All the BU players seemed to room with each other at one time or another, the elder Teague recalled over the phone last week from Indianapolis, where he runs the family’s foundation and oversees a basketball facility. And Brett Brown served as co-captain his last two seasons, keeping things light when Pitino, who was in his first coaching stop, rode everyone ragged.
“He was fun-loving,” Teague said of Brown. “He did a lot of, I would say, crazy things – just kind of funny, just kind of wild.”
The only example he offered was rather tame. He said Brett Brown showed up in the locker room one day wearing a spiffy suit, saying he had to interview for a job. Everybody was suitably impressed until he unbuttoned the jacket and revealed a shredded lining, cracking his teammates up.
“I forgot about that one,” Brown said the other day.
Everyone seemed to gravitate to Arturo as well. There was just something disarming about him, something about his bearing that drew others in. Maybe it was his “gentle puppy-dog-eye look,” said Bill Burke, who coached him for a year at Brooklyn’s Nazareth High and was Pitino’s assistant the first two years the Brown Brothers played at BU.
Or maybe, Burke said, it was his smile.
“He could just relate to anyone,” said Teague, who roomed with Arturo as much as anyone.
It didn’t matter if they played for the team or not. Didn’t matter what their background might have been.
“He was just a good person, and made you feel like, you know what, you’re my No. 1 friend in this world,” Teague said. “That’s how he made everybody feel, so that was real impactful to me.”
The afternoon of Sept. 17, 1982, the Terriers held a captains’ practice in the Case Center – i.e., a players-only workout necessitated by NCAA rules that prohibit coaches from overseeing drills at that point in the school year. The Terriers did some conditioning work, then played pickup.
At one point Arturo collided with a teammate while battling for a rebound, and was knocked to the floor. He tried to stand, then fell again as the others rushed to his side.
“You could tell in his eyes,” Brett Brown said, “that something was wrong.”
Teague recalls that Arturo started panting – “really deep, really hard” – as his teammates summoned help.

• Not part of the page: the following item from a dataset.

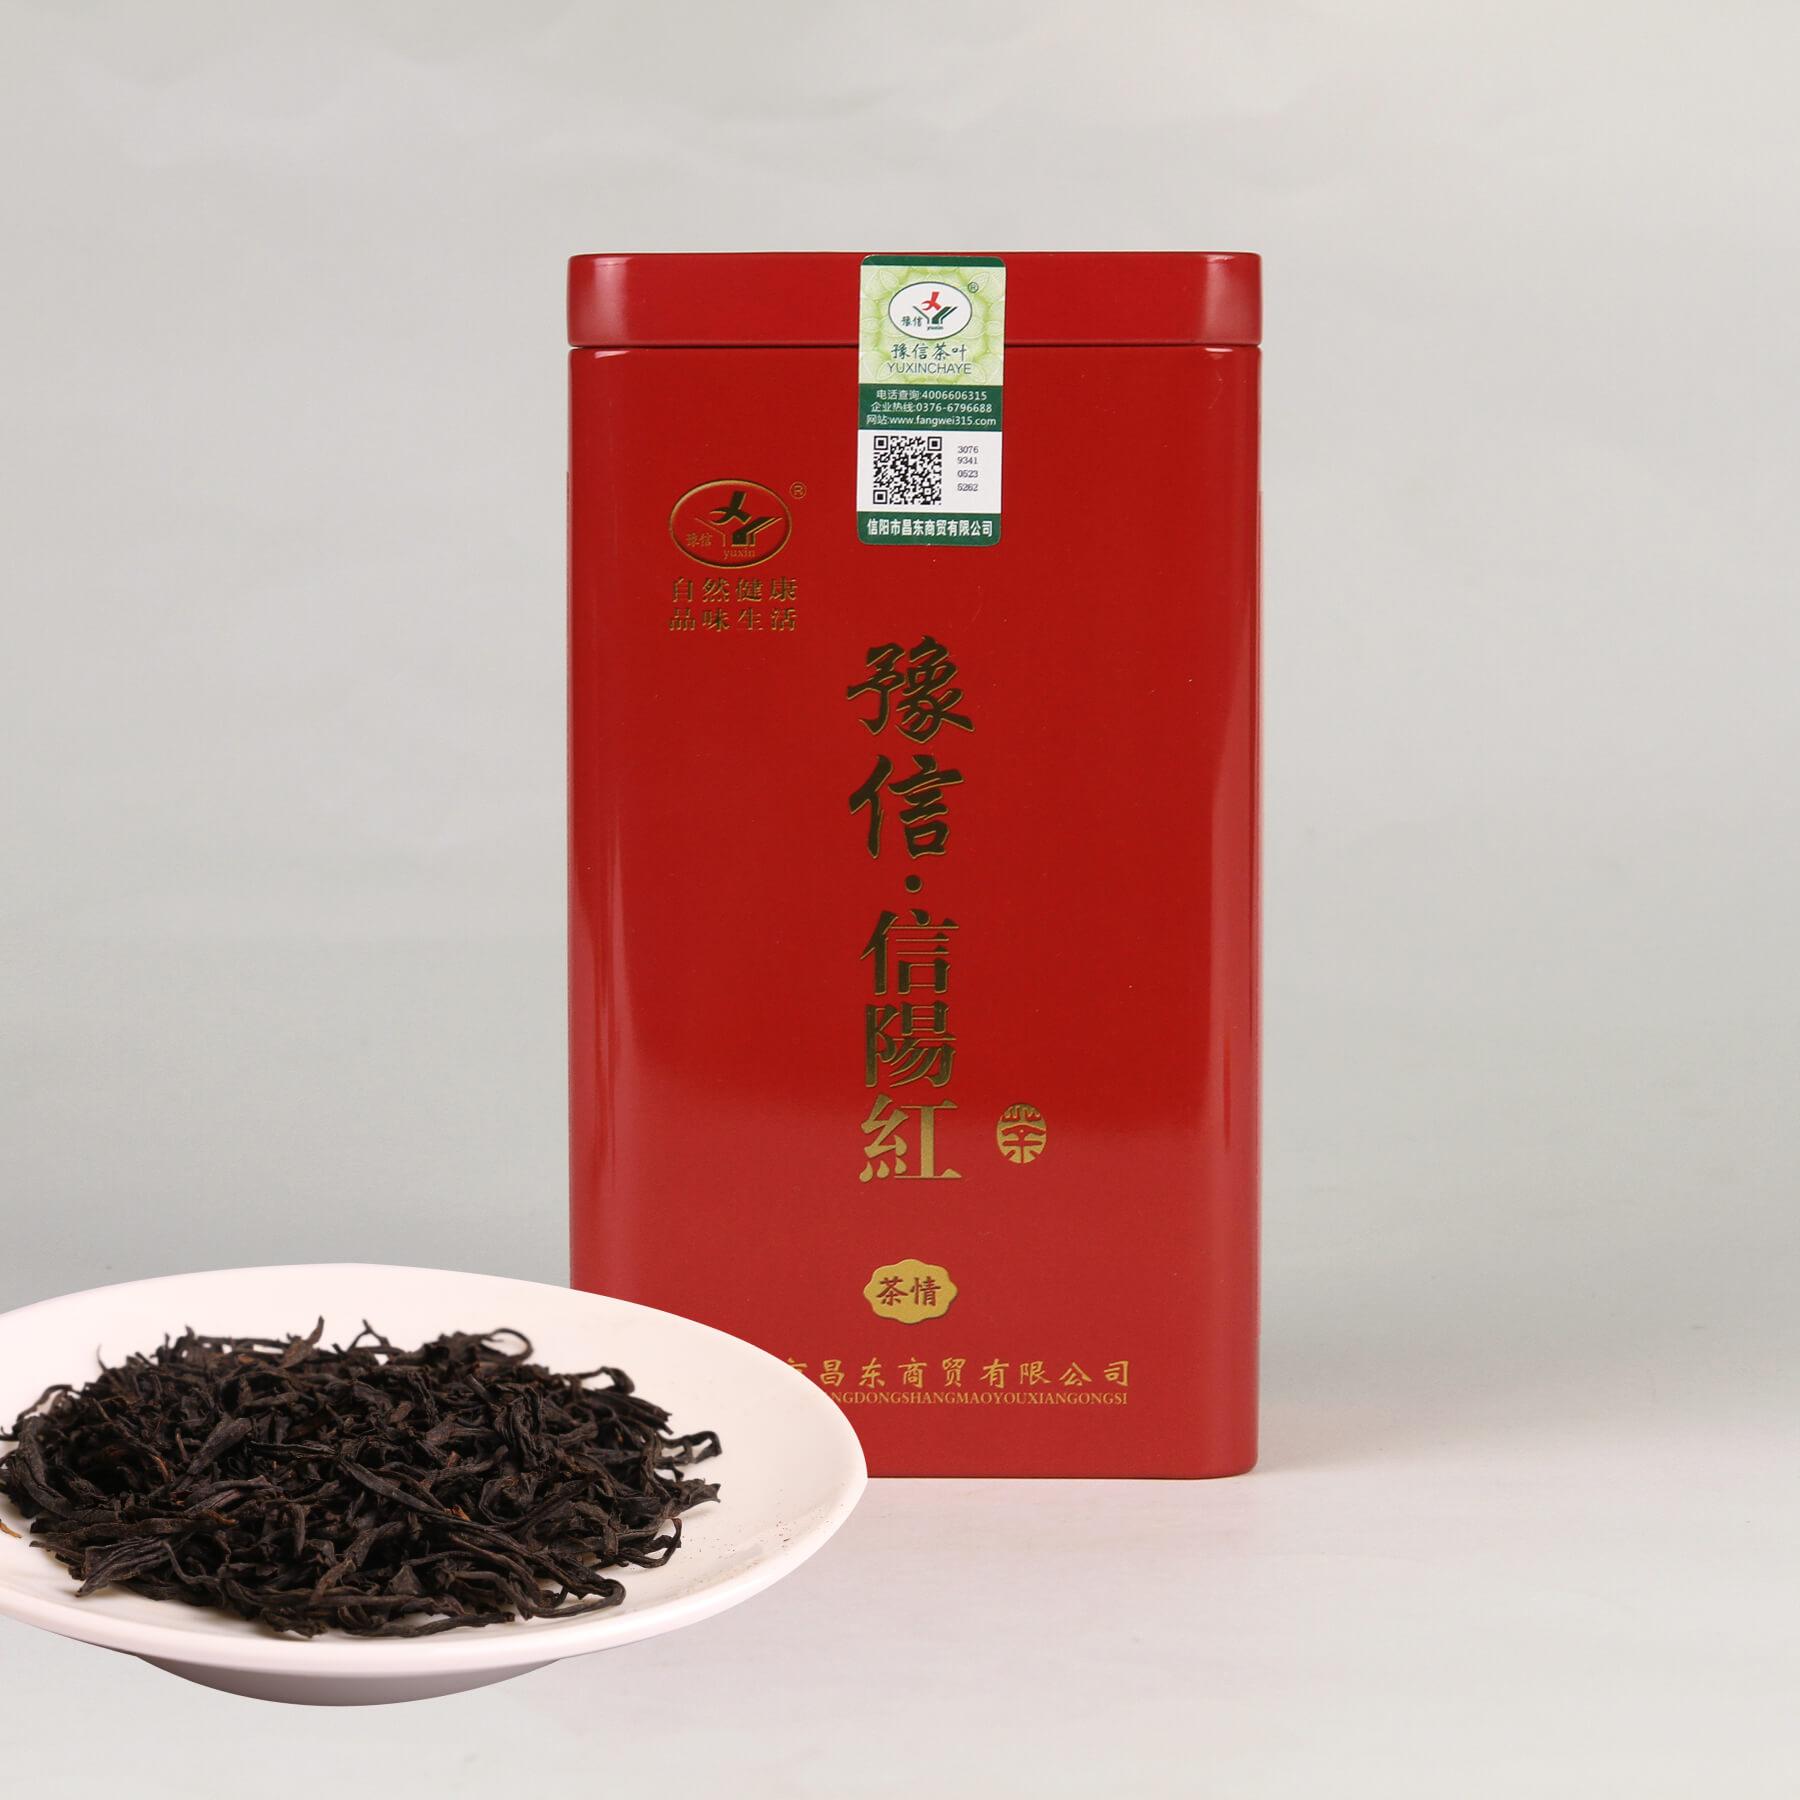 六级信阳红(2016)红茶价格116元/斤
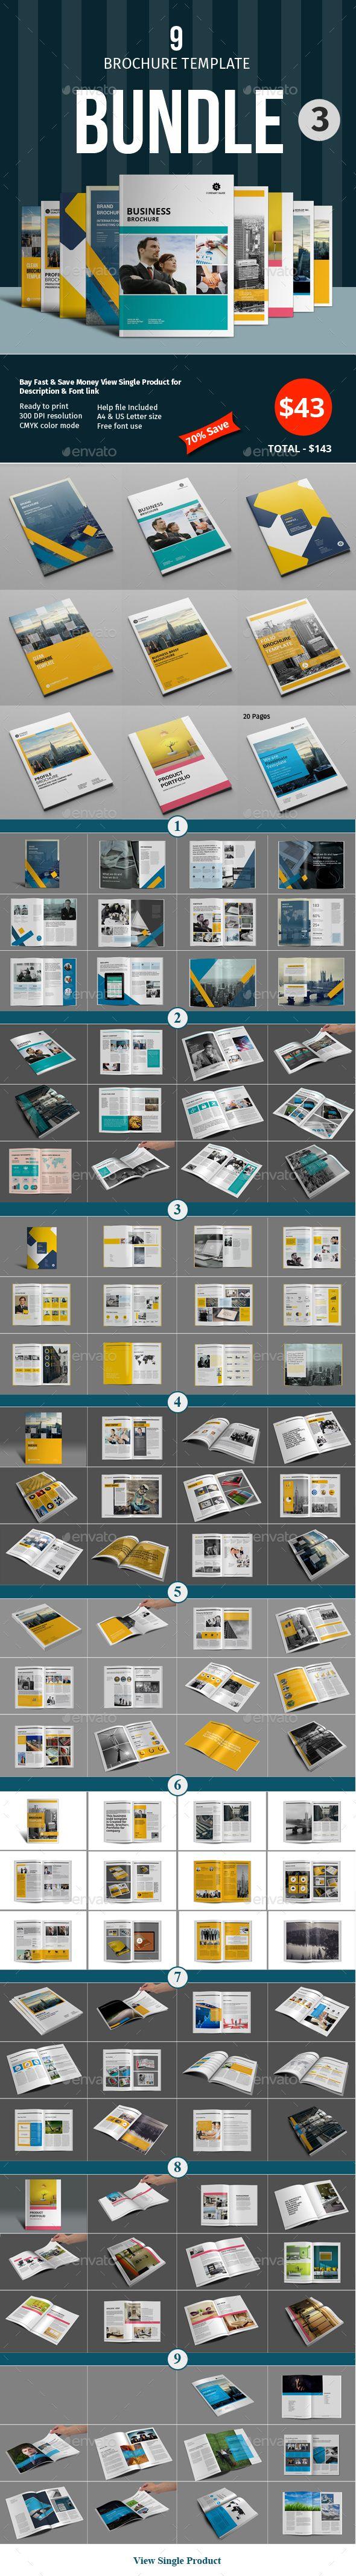 Brochure Template Bundle - InDesign INDD

He was taken to the hospital, to no avail. The cause of death was heart failure, the result of an enlarged heart. He was just 21.
Brett Brown wandered the streets of Boston for hours afterward, trying to make sense of it all.
“That was the first death that I experienced,” he said. “It just changes the way you view the world. The reality of death makes you see things and think about things very differently … The whole experience, obviously, when you’re that young and it’s a teammate, is just very surreal. It bumps you around a lot.”
There was a funeral back in Brooklyn, then a season to play, a season that very much included Arturo.
“We put that out there on the line: ‘This is our brother in the sky. We’re right there with him, and he’s right here with us,'" Teague said. “That was the driving force, no question about that.”
The Terriers wound up going 21-10 and reaching NCAAs for the first time since 1959. And afterward Arturo’s No. 44 was retired, his memory forever retained.
What began as a months-long adventure turned into a 17-year stay. He would meet the woman who would become his wife, and settle on the coaching track, as Teague, Burke and others suspected he would.
Brown started out working under another Hall of Famer, Lindsay Gaze – “the Pete Carril of Australia,” as the Sixers’ boss described him – and, in time, coached the national team in three Olympics. Then it was on to San Antonio, where he was part of Gregg Popovich’s staff for 12 years, a span in which the Spurs won the first four of their five NBA championships.
All in a previous life, though.
The clock continues to tick down. Brown knows that as well as anybody.